Code for scraping your Google Scholar publication data
# You'll need to install the packages below prior to loading.
# install.packages("scholar") 
# You can also use the following code (not used here since it doesn't cooperate well with knitr)
# pkg <- c("tidyverse", "ggpubr", "scholar", "formattable", "kableExtra")
# lapply(pkg, FUN = function(X){do.call("require", list(X))})

library(kableExtra)
library(formattable)
library(scholar)
library(tidyverse)
library(ggpubr)


'%ni%' <- Negate('%in%')

author_id <- scholar::get_scholar_id(last_name = "Braadland", first_name = "Peder")
pubs <- scholar::get_publications(author_id) 
glimpse(pubs)
Rows: 35
Columns: 8
$ title   <chr> "β-adrenergic receptor signaling in prostate cancer", "Ex vivo…
$ author  <chr> "PR Braadland, H Ramberg, HH Grytli, KA Taskén", "PR Braadland…
$ journal <chr> "Frontiers in oncology", "British journal of cancer", "Molecul…
$ number  <chr> "4, 375", "117 (11), 1656-1664", "17 (11), 2154-2168", "26 (4)…
$ cites   <dbl> 80, 40, 29, 25, 20, 16, 13, 11, 5, 3, 3, 2, 1, 0, 0, 0, 0, 0, …
$ year    <dbl> 2015, 2017, 2019, 2019, 2023, 2020, 2021, 2016, 2020, 2022, 20…
$ cid     <chr> "16069725449159400664", "190629465548971635", "164841235280137…
$ pubid   <chr> "UeHWp8X0CEIC", "u5HHmVD_uO8C", "YsMSGLbcyi4C", "W7OEmFMy1HYC"…

Note that Google scholar does not distinguish between original research, review articles, conference abstracts, preprints, replies etc., and you will therefore need to do some data wrangling to collect what you want to display. In my case, I want to display only original research and review articles. Since I have a rather short publication record, this was not a lot of work.
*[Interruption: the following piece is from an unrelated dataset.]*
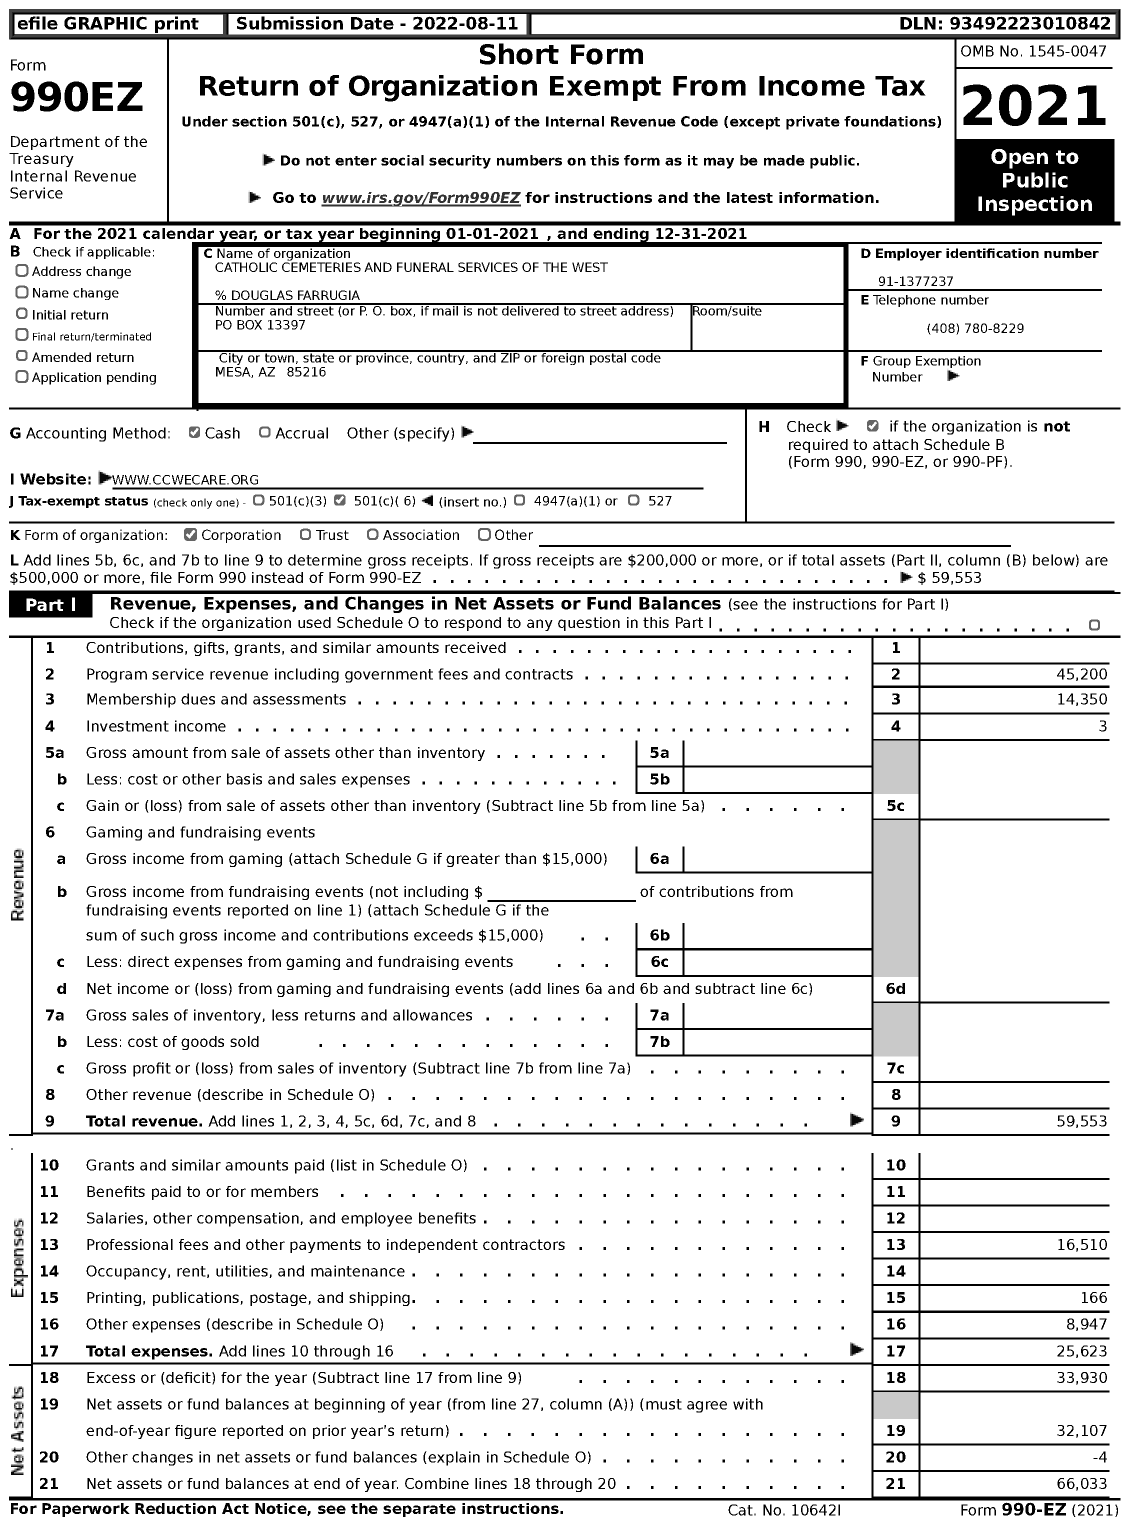 Image of first page of 2021 Form 990EZ for Catholic Cemeteries and Funeral Services of the West

Code for cleaning your publication data
# Filter only original articles and aggregate duplicates

not_include <- c(
    "CIGARETTE SMOKING ASSOCIATES WITH SUPERIOR SURVIVAL AND INCREASED ILEAL MICROBIAL DIVERSITY IN PRIMARY SCLEROSING CHOLANGITIS",
    "Chromatin reprogramming as an adaptation mechanism in prostate cancer",
    "Mitochondrial dysfunction and lipid alterations in primary sclerosing cholangitis",
    "Multimarker analysis combining markers of fibrosis and inflammation in primary sclerosing cholangitis",
    "Potential systemic effects of beta-blocker use in prostate cancer patients",
    "Prostate Cancer Metabolism: Effects of <U+03B2>2-Adrenergic Receptor Knockdown in LNCaP Cells",
    "Scavenging for lethal prostate cancer biomarkers in FFPE tissue",
    "Spatial transcriptomics reveals shared gene and cellular composition in recurrent and primary sclerosing cholangitis",
    "Strong stroma and epithelial expression of Leucine-rich α-2-glycoprotein 1 predicts contradictory outcomes in patients progressing to castration-resistant prostate cancer",
    "Prostate Cancer Metabolism: Effects of <U+03B2>2-Adrenergic Receptor Knockdown in LNCaP Cells",
    "Pre-surgery blood levels of leucine-rich alpha-2-glycoprotein 1 identify patients with a high risk of progressing to castration-resistant prostate cancer",
    "Targeting therapy resistance in advanced prostate cancer"
)

pubs_clean <- 
pubs %>%
    # One article had been duplicated albeit with different titles
    mutate(title = ifelse(title == "Ex vivo metabolic fingerprinting identifies biomarkers predictive of prostate cancer recurrence",
                          "Ex vivo metabolic fingerprinting identifies biomarkers predictive of prostate cancer recurrence following radical prostatectomy", title)) %>%
    arrange(title) %>%
    # For duplicated articles, I summed the citations and filtered only one occurrence to avoid duplicates
    group_by(title) %>%
    mutate(cites = sum(cites)) %>%
    distinct(title, .keep_all = TRUE) %>%
    ungroup() %>%
    # Remove entries containing strings such as 'abstract', 'reply' etc. 
    filter(!str_detect(title, "Abstract")) %>%
    filter(!str_detect(title, "Back Cover")) %>%
    filter(!str_detect(title, "Reply")) %>%
    filter(!str_detect(title, "Prostate Cancer Metabolism:")) %>%
    filter(pubid != "mB3voiENLucC") %>%
    # Entries without a journal are likely not original research or review articles, but could be e.g. theses
    filter(!is.na(journal)) %>%
    # Remove entries manually
    filter(title %ni% not_include) %>%
    # Remove preprints
    filter(journal != "medRxiv") %>%
    # One article is assigned 2015 but was in fact published in 204
    mutate(year = ifelse(title == "\u03b2-adrenergic receptor signaling in prostate cancer", 2014, year)) %>%
    arrange(year) 

In the next step I will create a visually appealing table of my articles, and include a bar showing the number of citations per article. I use the kableExtra and formattable packages to achieve this.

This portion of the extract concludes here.